[TensorRT] query GPU properties only once when setting device_id (#19092)

### Description For most models this does not show significant overhead but for very small models it shows significant impact. Attached screenshot shows impact when only using 2 FC layers: ![image](https://github.com/microsoft/onnxruntime/assets/44298237/b4fdf8bf-0422-43ab-a49e-7d2996cba68e)
2026-07-07 04:39:07 +00:00 · 2024-01-11 22:37:10 +01:00 · 2024-01-11 22:37:10 +01:00 · daa22f919f
commit daa22f919f
parent 4d1243b4b4
3 changed files with 12 additions and 16 deletions
--- a/onnxruntime/core/providers/tensorrt/tensorrt_execution_provider.cc
+++ b/onnxruntime/core/providers/tensorrt/tensorrt_execution_provider.cc
@ -1315,6 +1315,9 @@ TensorrtExecutionProvider::TensorrtExecutionProvider(const TensorrtExecutionProv
  InitProviderOrtApi();

  CUDA_CALL_THROW(cudaSetDevice(device_id_));
+  cudaDeviceProp prop;
+  CUDA_CALL_THROW(cudaGetDeviceProperties(&prop, device_id_));
+  compute_capability_ = GetComputeCapacity(prop);
  if (info.has_user_compute_stream) {
    external_stream_ = true;
    stream_ = static_cast<cudaStream_t>(info.user_compute_stream);
@ -2778,19 +2781,15 @@ common::Status TensorrtExecutionProvider::Compile(const std::vector<FusedNodeAnd

    // Name the engine cache based on GPU compute capacity and reduce the chance of loading an incompatible cache
    // Note: Engine cache generated on a GPU with large memory might not be loadable on a GPU with smaller memory, even if they share the same compute capacity
-    cudaDeviceProp prop;
-    CUDA_CALL_THROW(cudaGetDeviceProperties(&prop, device_id_));
-    std::string compute_capability = GetComputeCapacity(prop);
-
    if (!has_dynamic_shape) {
      const std::string cache_path = GetCachePath(cache_path_, trt_node_name_with_precision);
-      const std::string engine_cache_path = cache_path + "_sm" + compute_capability + ".engine";
+      const std::string engine_cache_path = cache_path + "_sm" + compute_capability_ + ".engine";
      const std::string encrypted_engine_cache_path = engine_cache_path + ".encrypted";
-      const std::string profile_cache_path = cache_path + "_sm" + compute_capability + ".profile";
+      const std::string profile_cache_path = cache_path + "_sm" + compute_capability_ + ".profile";
      std::string timing_cache_path = "";
      bool engine_update = false;
      if (timing_cache_enable_) {
-        timing_cache_path = GetTimingCachePath(global_cache_path_, prop);
+        timing_cache_path = GetTimingCachePath(global_cache_path_, compute_capability_);
      }
      {
        // ifstream file check, engine serialization/deserialization and engine build are in critical section.
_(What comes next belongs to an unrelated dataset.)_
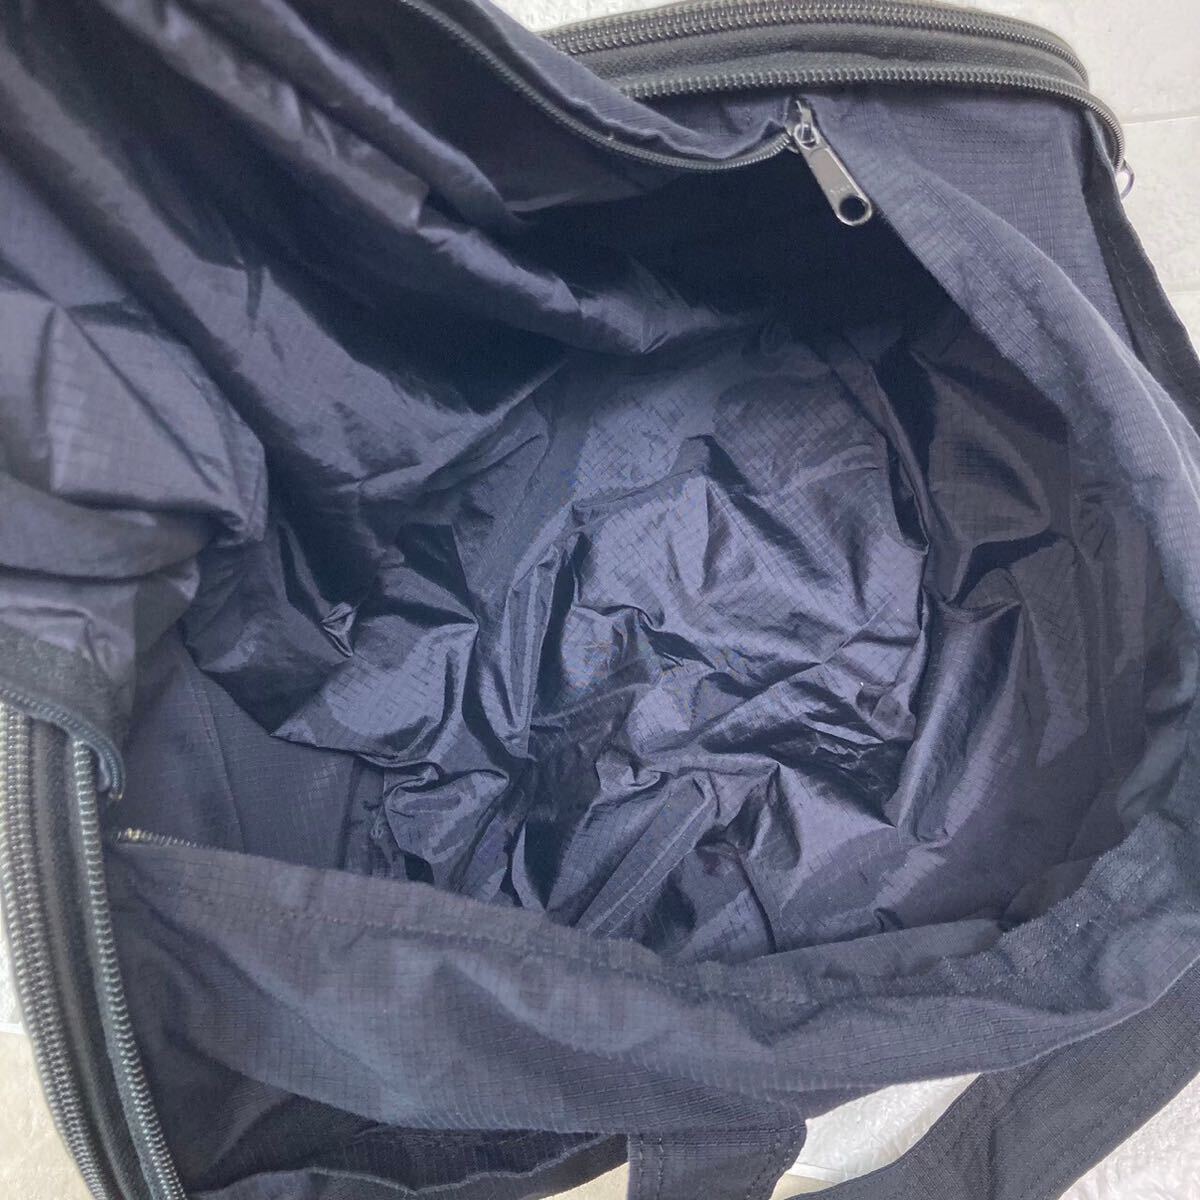  Porter × Disney collaboration Boston bag nylon folding black handbag tote bag rare rare 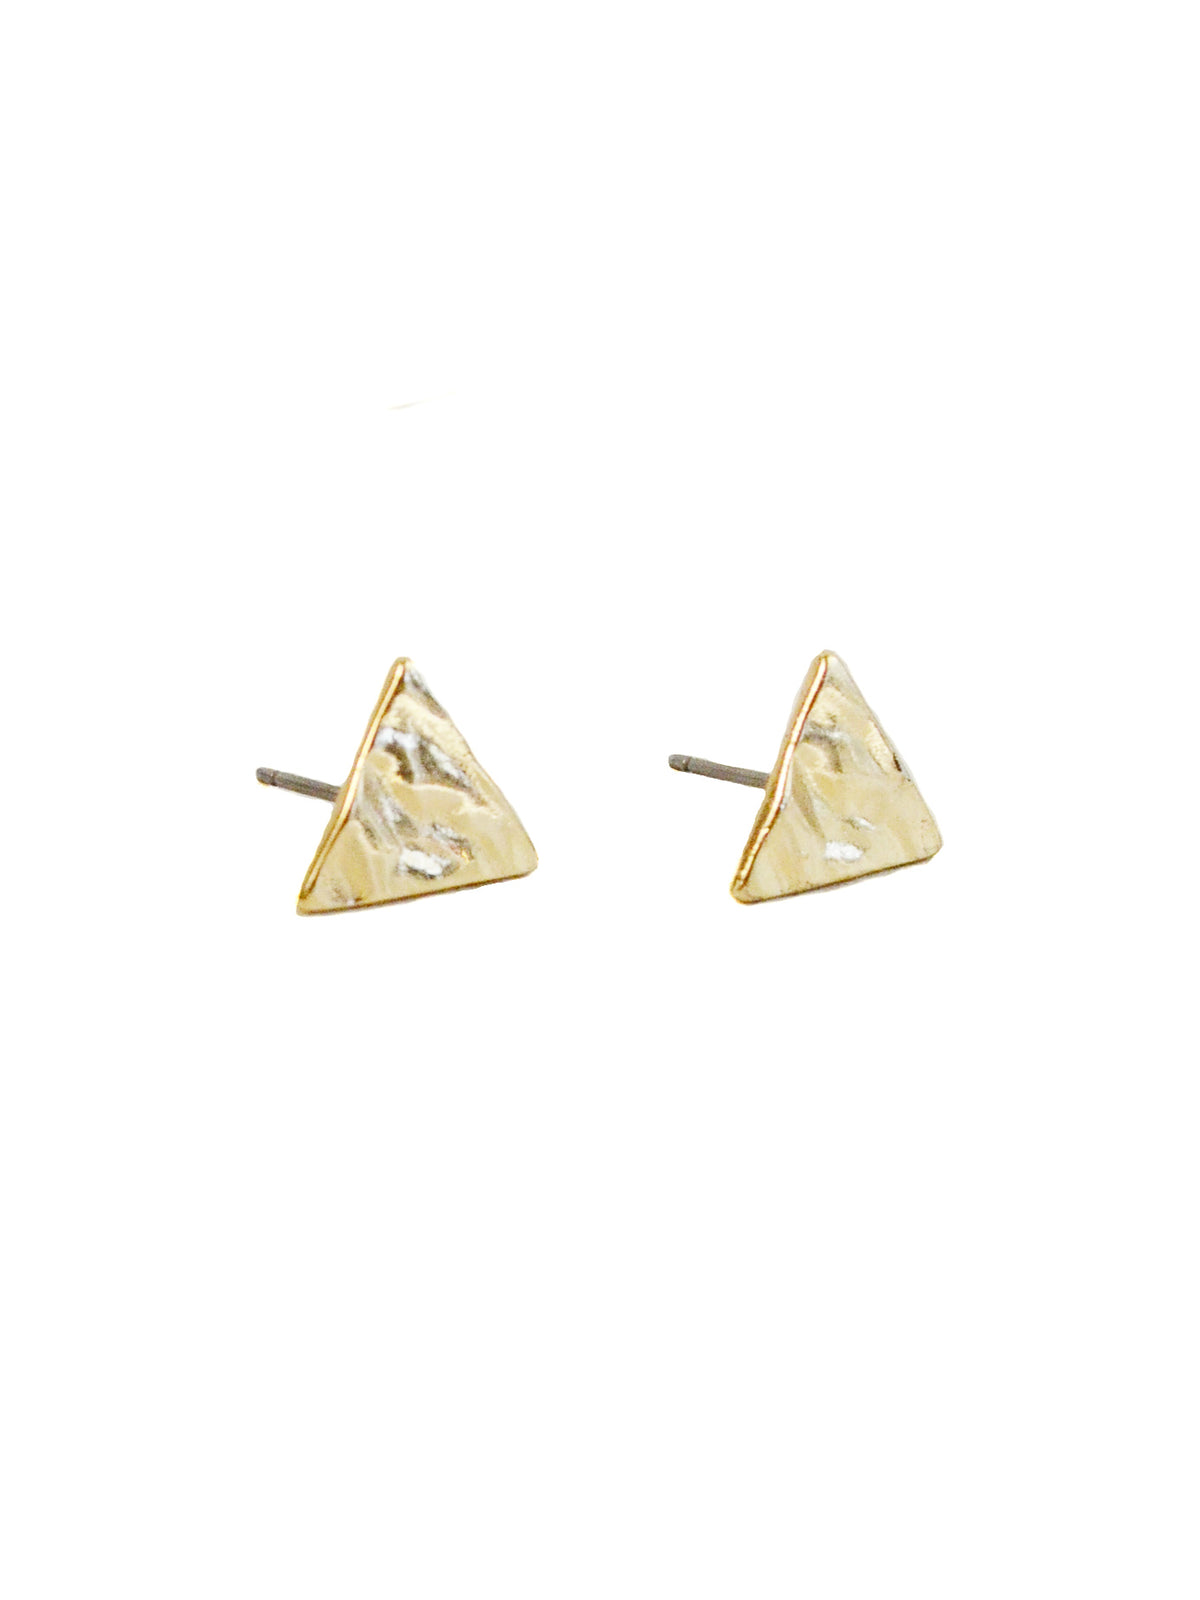 small gold triangle fashion stud earrings, geometric triangle stud

It needs lock protection to prevent race condition when inferencing with multithreading.
@ -3043,18 +3042,14 @@ common::Status TensorrtExecutionProvider::Compile(const std::vector<FusedNodeAnd

      // Name the engine cache based on GPU compute capacity and reduce the chance of loading an incompatible cache
      // Note: Engine cache generated on a GPU with large memory might not be loadable on a GPU with smaller memory, even if they share the same compute capacity
-      cudaDeviceProp prop;
-      CUDA_CALL_THROW(cudaGetDeviceProperties(&prop, device_id_));
-      std::string compute_capability = GetComputeCapacity(prop);
-
      // Prepare cache name
      const std::string cache_path = GetCachePath(trt_state->engine_cache_path, trt_state->trt_node_name_with_precision);
-      const std::string engine_cache_path = cache_path + "_sm" + compute_capability + ".engine";
+      const std::string engine_cache_path = cache_path + "_sm" + compute_capability_ + ".engine";
      const std::string encrypted_engine_cache_path = engine_cache_path + ".encrypted";
-      const std::string profile_cache_path = cache_path + "_sm" + compute_capability + ".profile";
+      const std::string profile_cache_path = cache_path + "_sm" + compute_capability_ + ".profile";
      std::string timing_cache_path = "";
      if (timing_cache_enable_) {
-        timing_cache_path = GetTimingCachePath(global_cache_path_, prop);
+        timing_cache_path = GetTimingCachePath(global_cache_path_, compute_capability_);
      }

      // Load serialized engine
--- a/onnxruntime/core/providers/tensorrt/tensorrt_execution_provider.h
+++ b/onnxruntime/core/providers/tensorrt/tensorrt_execution_provider.h
@ -258,6 +258,7 @@ class TensorrtExecutionProvider : public IExecutionProvider {
  std::unique_ptr<nvinfer1::IRuntime> runtime_ = nullptr;
  OrtMutex tensorrt_mu_;
  int device_id_;
+  std::string compute_capability_;
  bool context_memory_sharing_enable_ = false;
  bool layer_norm_fp32_fallback_ = false;
  size_t max_ctx_mem_size_ = 0;
--- a/onnxruntime/core/providers/tensorrt/tensorrt_execution_provider_utils.h
+++ b/onnxruntime/core/providers/tensorrt/tensorrt_execution_provider_utils.h
@ -456,10 +456,10 @@ std::string GetComputeCapacity(const cudaDeviceProp& prop) {
 * Get Timing by compute capability
 *
 */
-std::string GetTimingCachePath(const std::string& root, cudaDeviceProp prop) {
+std::string GetTimingCachePath(const std::string& root, std::string& compute_cap) {
  // append compute capability of the GPU as this invalidates the cache and TRT will throw when loading the cache
  const std::string timing_cache_name = "TensorrtExecutionProvider_cache_sm" +
-                                        GetComputeCapacity(prop) + ".timing";
+                                        compute_cap + ".timing";
  return GetCachePath(root, timing_cache_name);
 }